Leave every image out, and return the rest of the data word for word.

• [RECORDED INFORMATION]
==============================
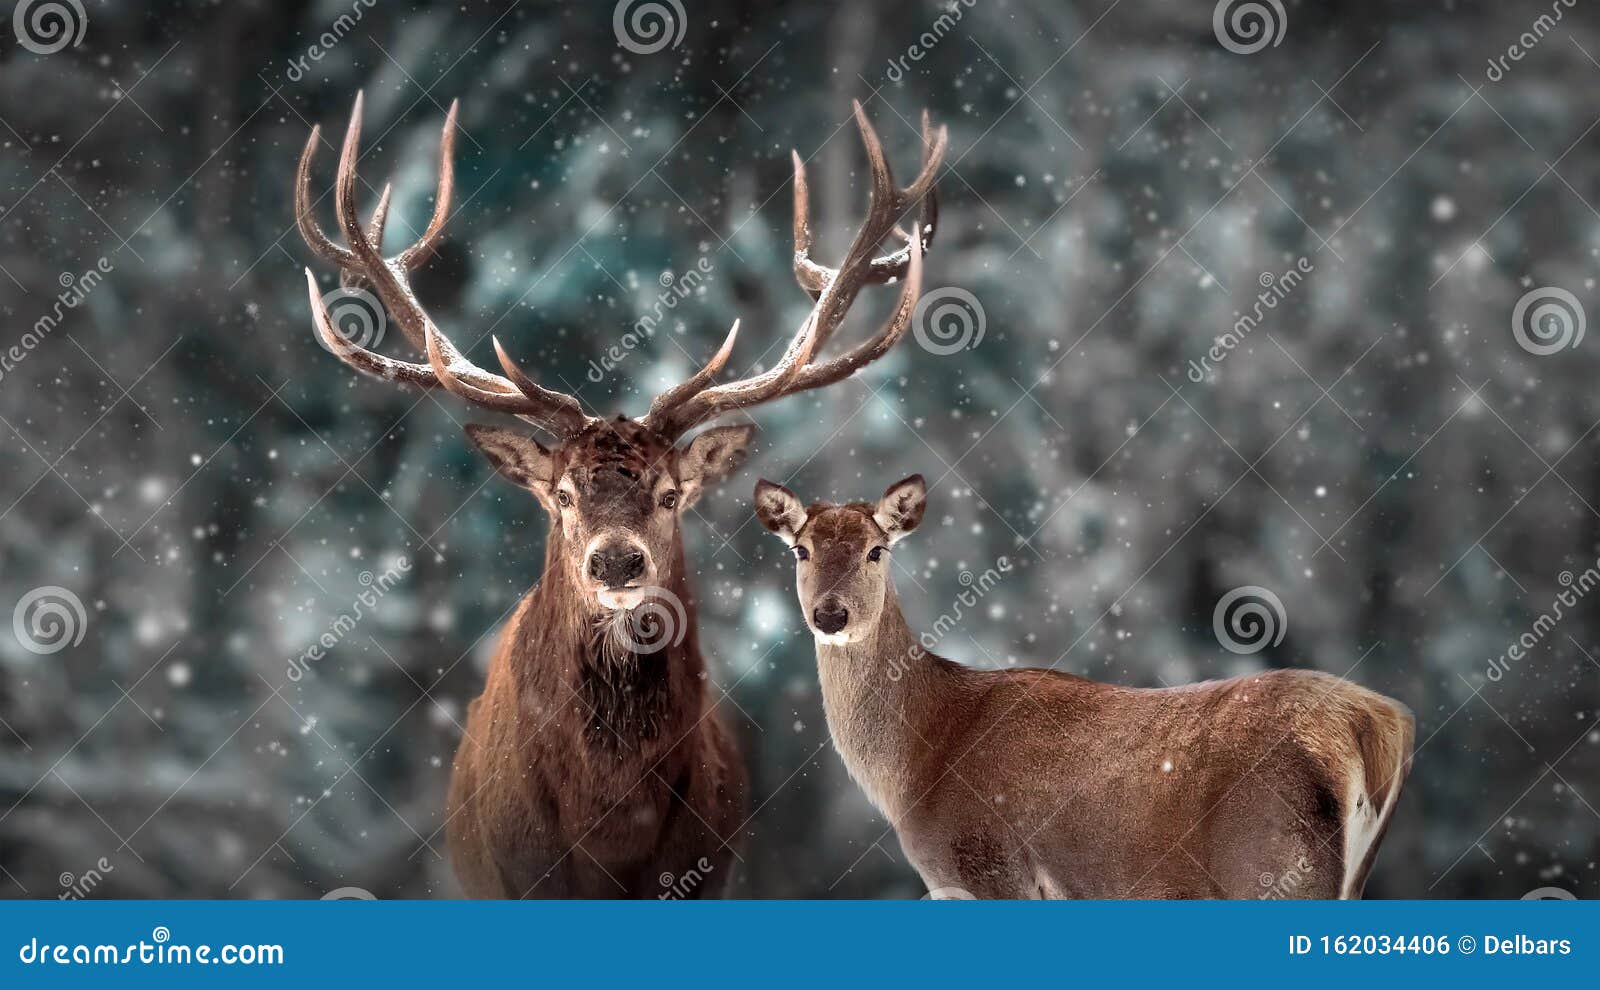 noble deer family in winter snow forest. artistic winter christmas landscape. winter wonderland.
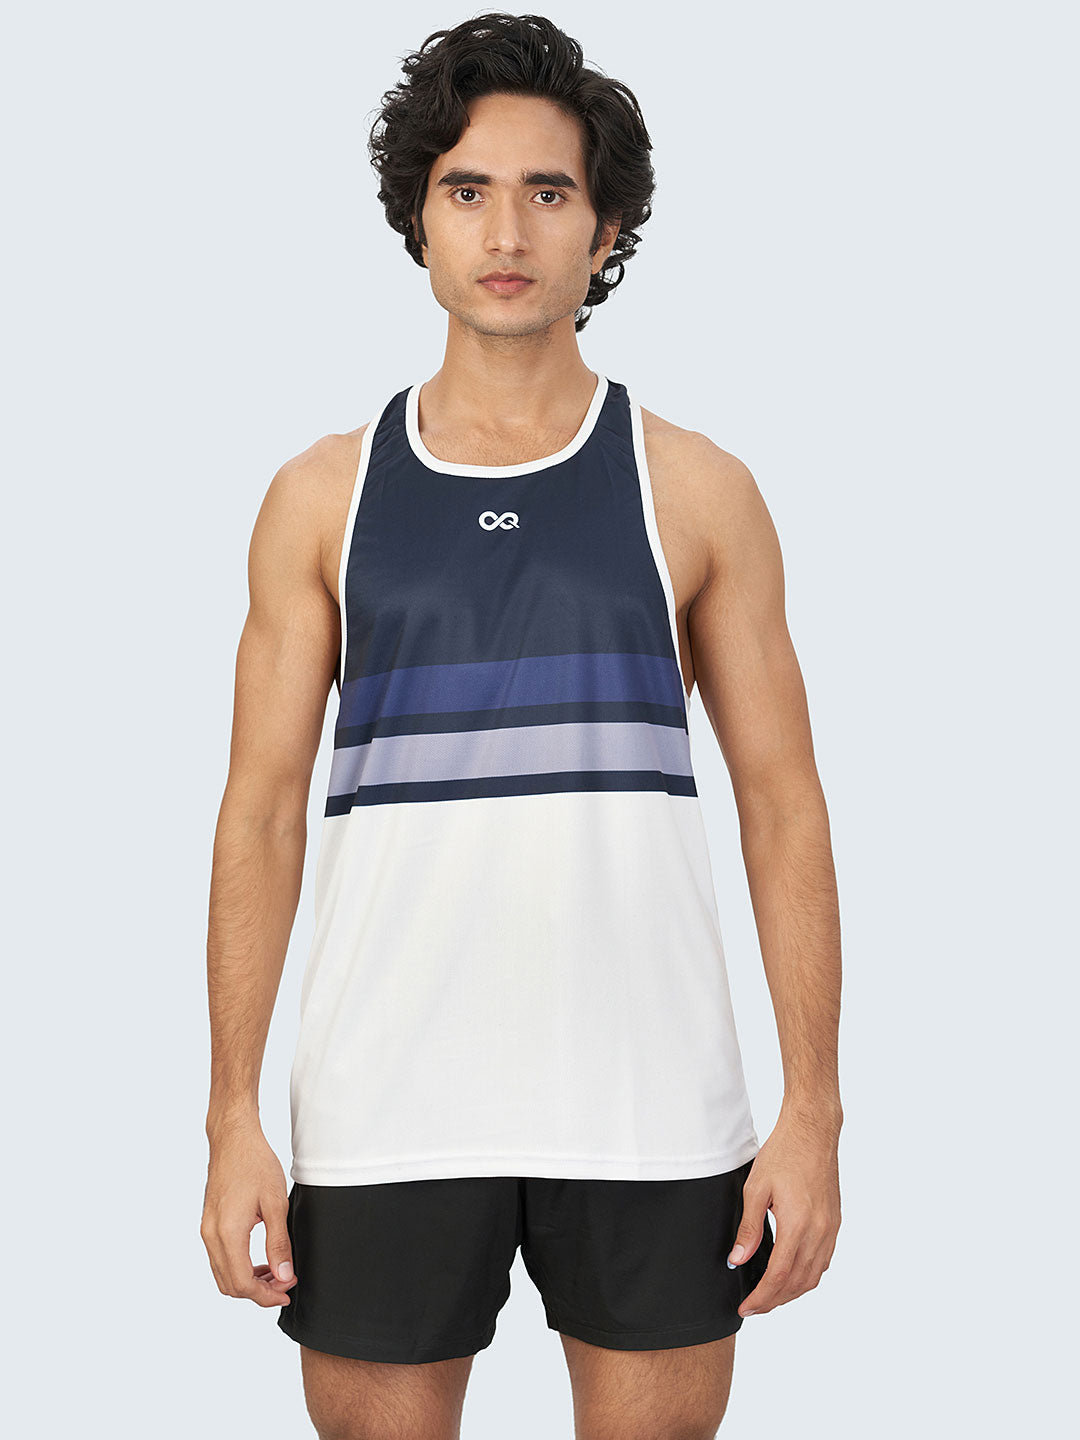 Buy Hivata Gym Vest for Men & Boys Sports Running Cotton
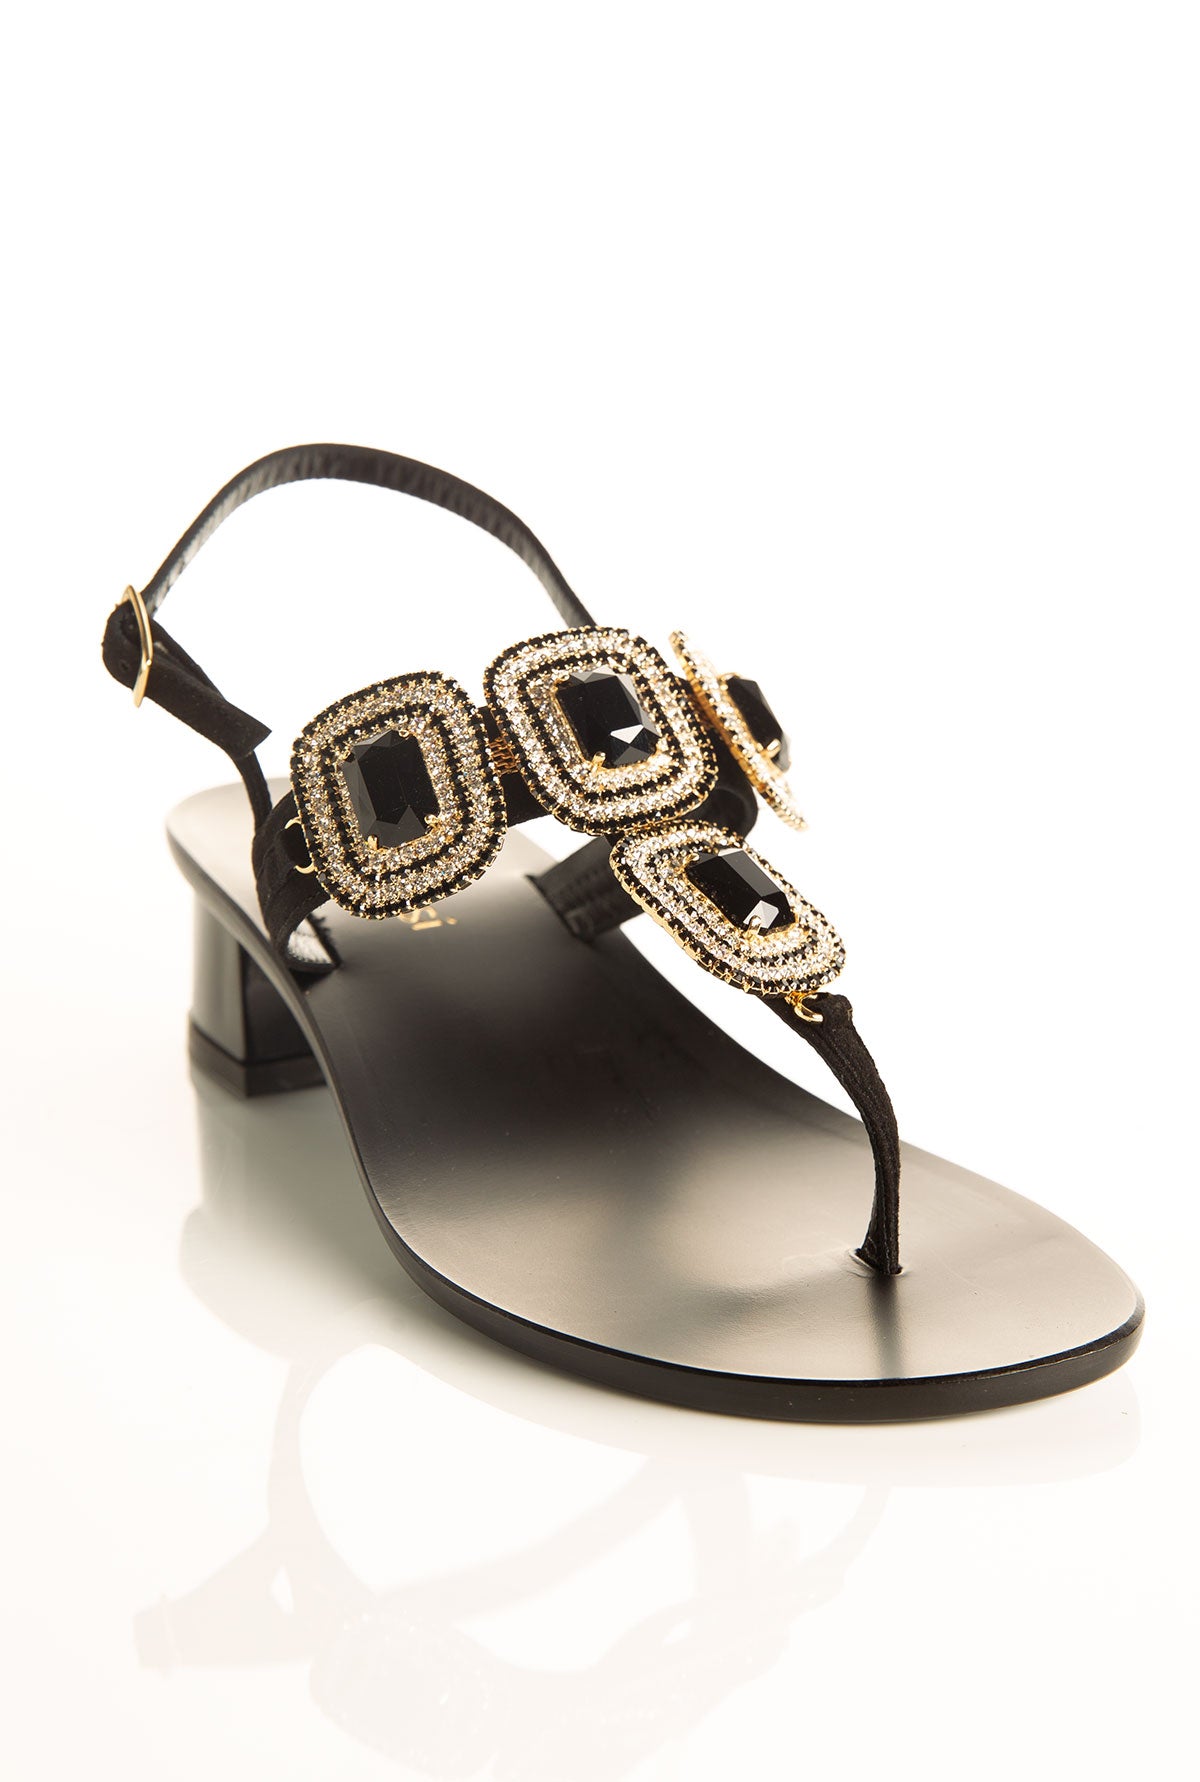 lack jewel sandals, elegant black sandals, Swarovski stone sandals, comfortable heel sandals, Tuscan leather sandals, Capri Sandals
==============================
• [WRITTEN SOLUTION]
 noble deer family in winter snow forest. artistic winter christmas landscape. winter wonderland.
 Buy Hivata Gym Vest for Men & Boys Sports Running Cotton
 lack jewel sandals, elegant black sandals, Swarovski stone sandals, comfortable heel sandals, Tuscan leather sandals, Capri Sandals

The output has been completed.